Robustness checks are summarized in
Table 7. Varying the consistency threshold from 0.75 to 0.85, moving calibration anchors by ±0.05, and increasing the frequency threshold from 1 to 2 did not change the substantive interpretation of the four core paths. The fourth configuration is most sensitive to stricter thresholds because it covers fewer cases, but its core AIC–BCL logic remains visible.
5.3. Random Forest and SHAP Value Analysis Results
The Random Forest model achieves an out-of-bag (OOB) R-squared of 0.78 and a mean squared error (MSE) of 0.12. Given the small provincial sample, this result is interpreted as exploratory predictive evidence rather than as a basis for causal inference.

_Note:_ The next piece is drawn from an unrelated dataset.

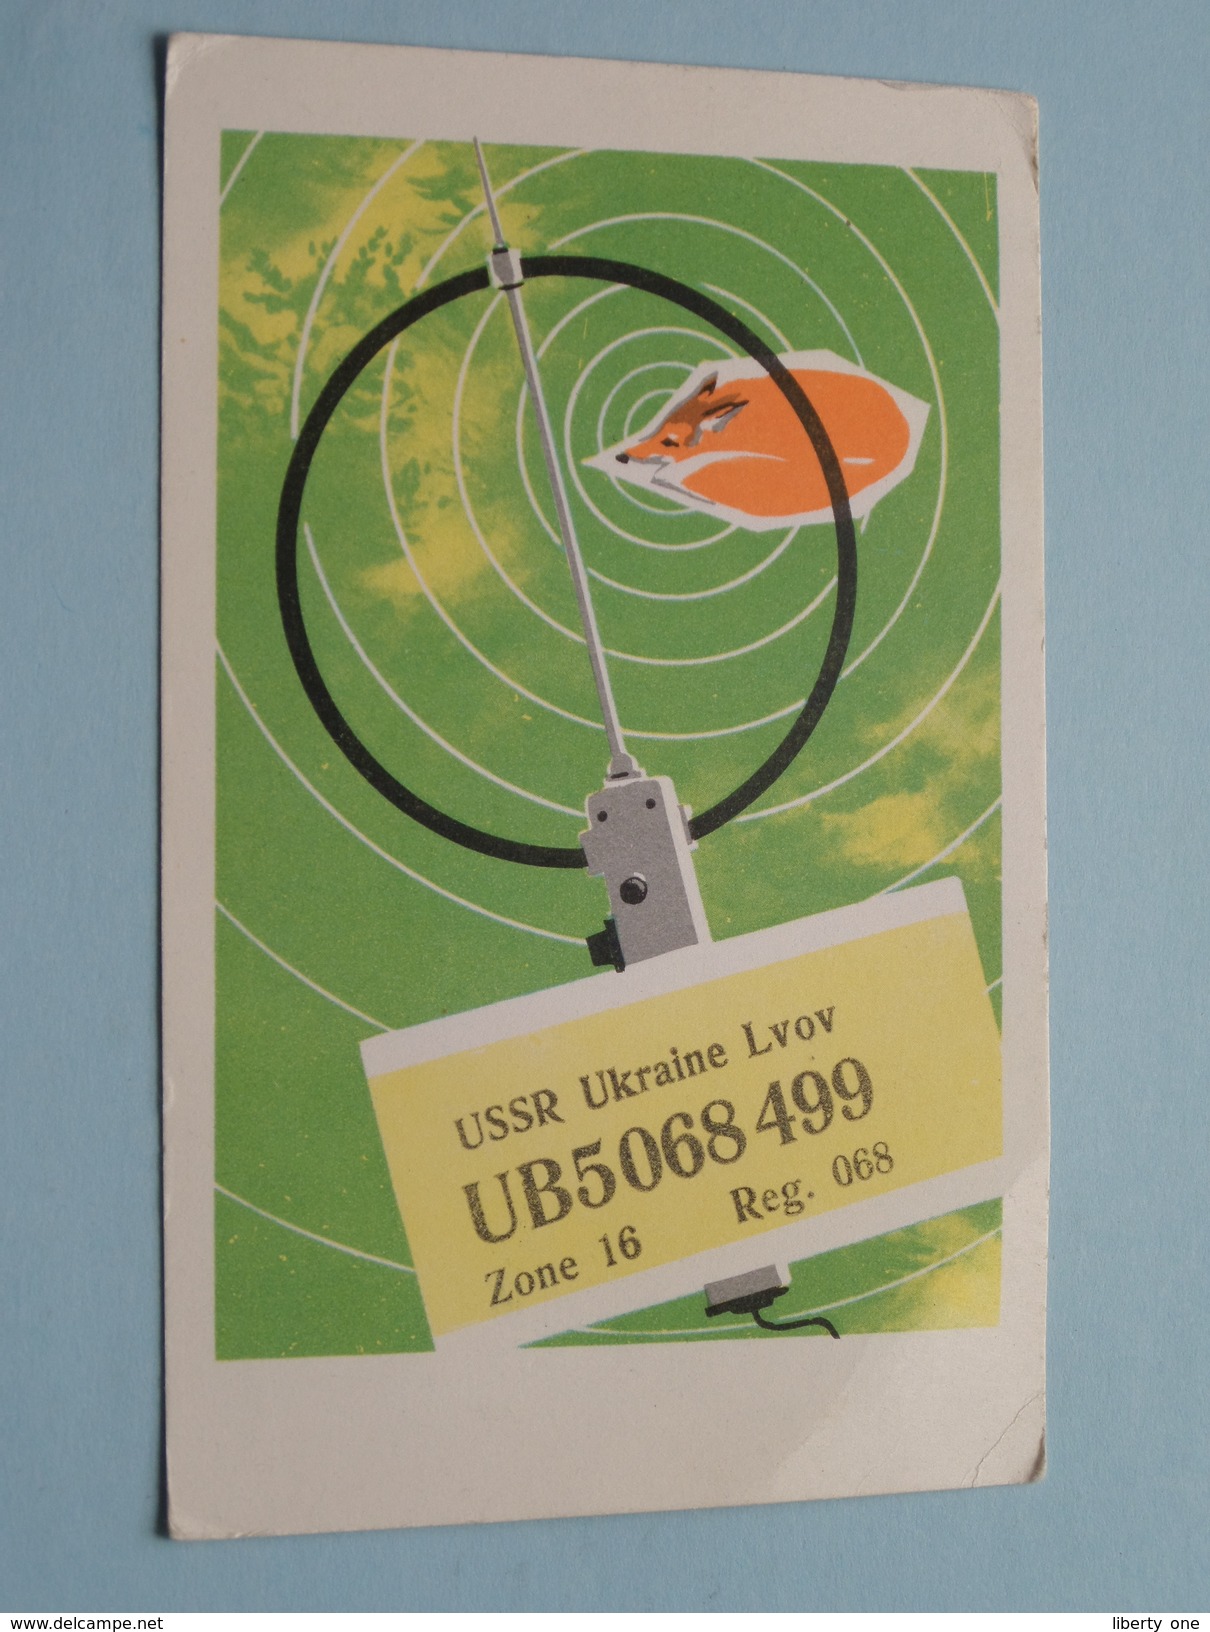 USSR Ukraine Lvov UB5068499 Zone 16 - Reg. 068 > FM7AV - 1981 ( Zie Foto Voor Details ) - Radio Amateur
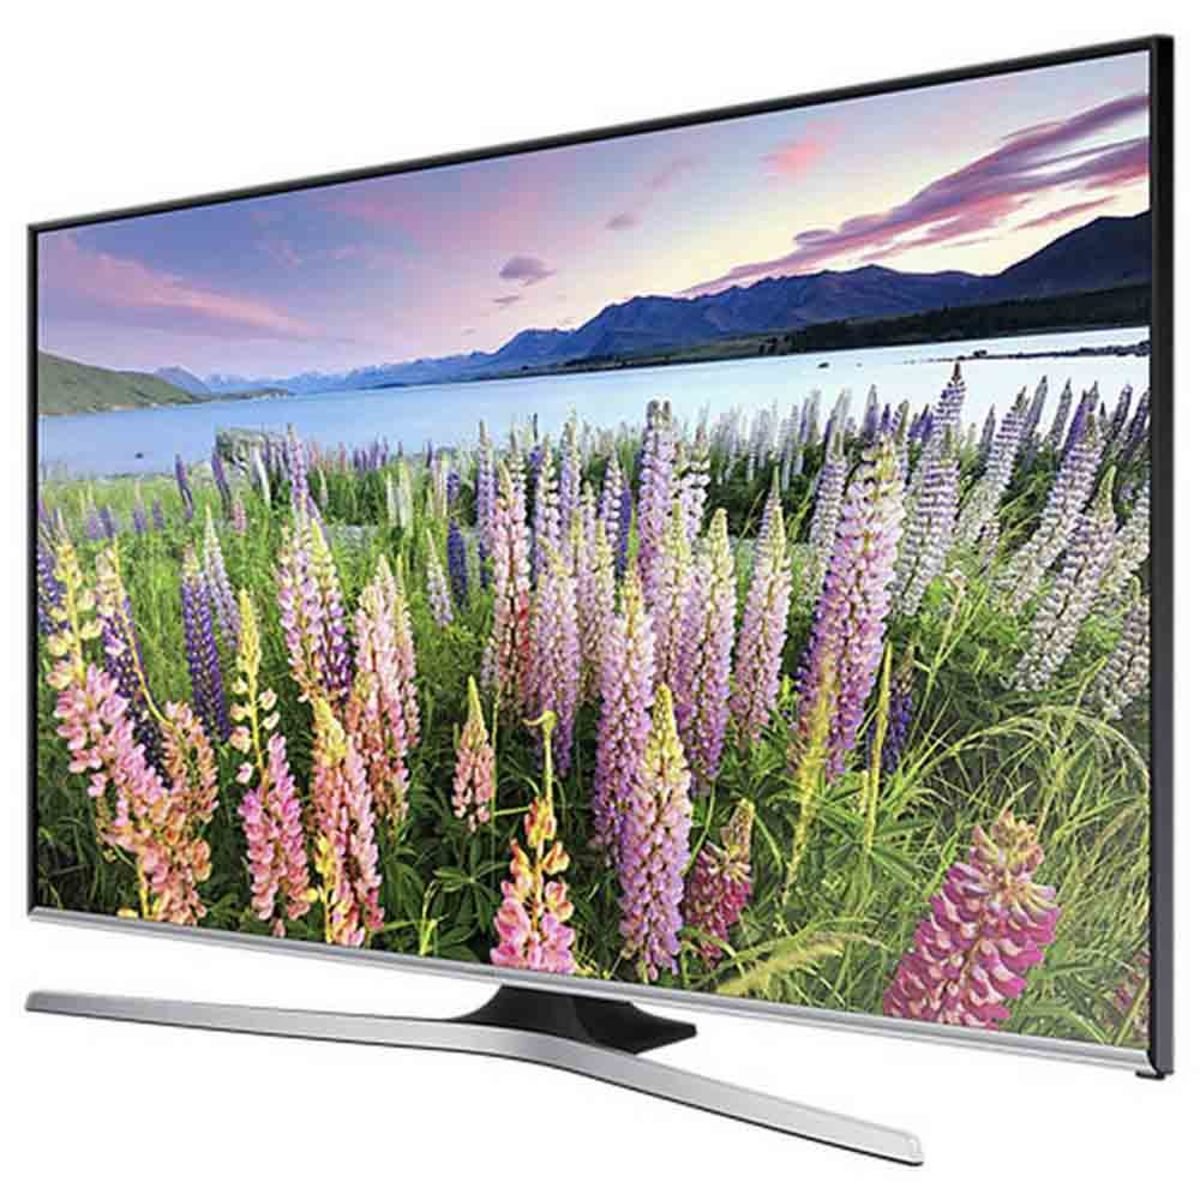 Samsung Smart LED TV UA40J5500AR 40inch

Figure 4 presents the feature importance rankings derived from the Random Forest model. AI capability (AIC) exhibits the highest feature importance (0.32), followed by big data analytics capability (BDA, 0.24), cloud computing infrastructure (CCI, 0.18), and blockchain application level (BCL, 0.14). These results are broadly consistent with the fsQCA findings, confirming the central role of AI capability in the digital economy–industry chain security nexus.
Figure 5 presents the SHAP summary plot, which provides both global and local interpretability of the Random Forest predictions. The SHAP analysis reveals several important patterns. First, AI capability consistently shows the highest mean absolute SHAP value of 0.32, confirming its global importance. Second, the SHAP dependence plot for AI capability reveals a clear diminishing marginal effect: as AIC increases beyond the 70th percentile, the SHAP values plateau and even slightly decrease, supporting H4. This diminishing trend suggests that after reaching a certain level of AI maturity, additional investment in AI capability yields progressively smaller improvements in industry chain security, highlighting the need for complementary investments in other digital economy factors.
Third, the SHAP interaction analysis reveals significant interaction effects between digital economy factors. The most prominent interaction is between AIC and BDA, where high levels of both factors produce synergistic effects that exceed their individual contributions. This finding aligns with the fsQCA results, where AIC and BDA co-appear as core conditions in C1 (Technology-Driven). Similarly, positive interactions are observed between CCI and BCL, consistent with their co-appearance in C3 (Infrastructure-Driven). These interaction effects underscore the configurational nature of digital economy empowerment, where the joint presence of complementary factors creates emergent capabilities that transcend the sum of individual contributions.
6. Discussion
6.1. Theoretical Contributions
This study makes several theoretical contributions to the literature on digital economy, industry chain security, and configurational analysis. First, by integrating OIPT and Dynamic Capability Theory, this study provides a novel theoretical framework that explains how digital economy factors collectively enhance industry chain security through improved information processing and dynamic capabilities. This integrative framework addresses the theoretical fragmentation in existing studies, which have typically examined digital economy factors and industry chain security from isolated theoretical perspectives.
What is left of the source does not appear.